Light rail line in Philadelphia, Pennsylvania

The T3, formerly Route 13, is a light rail line that connects 13th Street station in Center City, Philadelphia, with Yeadon and Darby, Pennsylvania. It is one of the five T services of the SEPTA Metro.

==Route description==
Starting from its eastern end at the 13th Street, the T3 runs in a tunnel under Market Street. It makes stops at underground stations at 15th Street/City Hall, 19th Street, 22nd Street, Drexel Station at 30th Street, and 33rd Street. From 15th to 30th Streets, it runs on the outer tracks of the Market Street subway, beside the L.

Passengers may transfer free of charge to the L at 13th Street, 15th Street/City Hall, and Drexel Station at 30th Street and to the B at 15th Street. Connections to the SEPTA Regional Rail are also available. Underground passageways connect the 13th Street and 15th Street/City Hall Stations to Jefferson Station and Suburban Station.

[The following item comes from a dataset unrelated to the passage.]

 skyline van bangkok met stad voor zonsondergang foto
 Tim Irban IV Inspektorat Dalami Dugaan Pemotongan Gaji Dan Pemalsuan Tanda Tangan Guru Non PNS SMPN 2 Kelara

The T3 surfaces at the 40th Street Portal near 40th Street and Baltimore Avenue (US 13), and then runs southwest along Woodland Avenue shortly before moving to Chester Avenue. An alternate line existing along 42nd Street itself joins the T3 for several blocks. This line is used when tunnels are closed for maintenance or other unforeseen shutdowns. The line runs on a bridge over the Media/Wawa Line at 49th Street, however, it does not serve as an official stop as it is located at the intersection of 49th Street and Chester Avenue just east of the station. A track along 49th Street allows for T3 service cutbacks, and is the pull-in/pull-out route for the T4 to access Baltimore Avenue a few blocks north.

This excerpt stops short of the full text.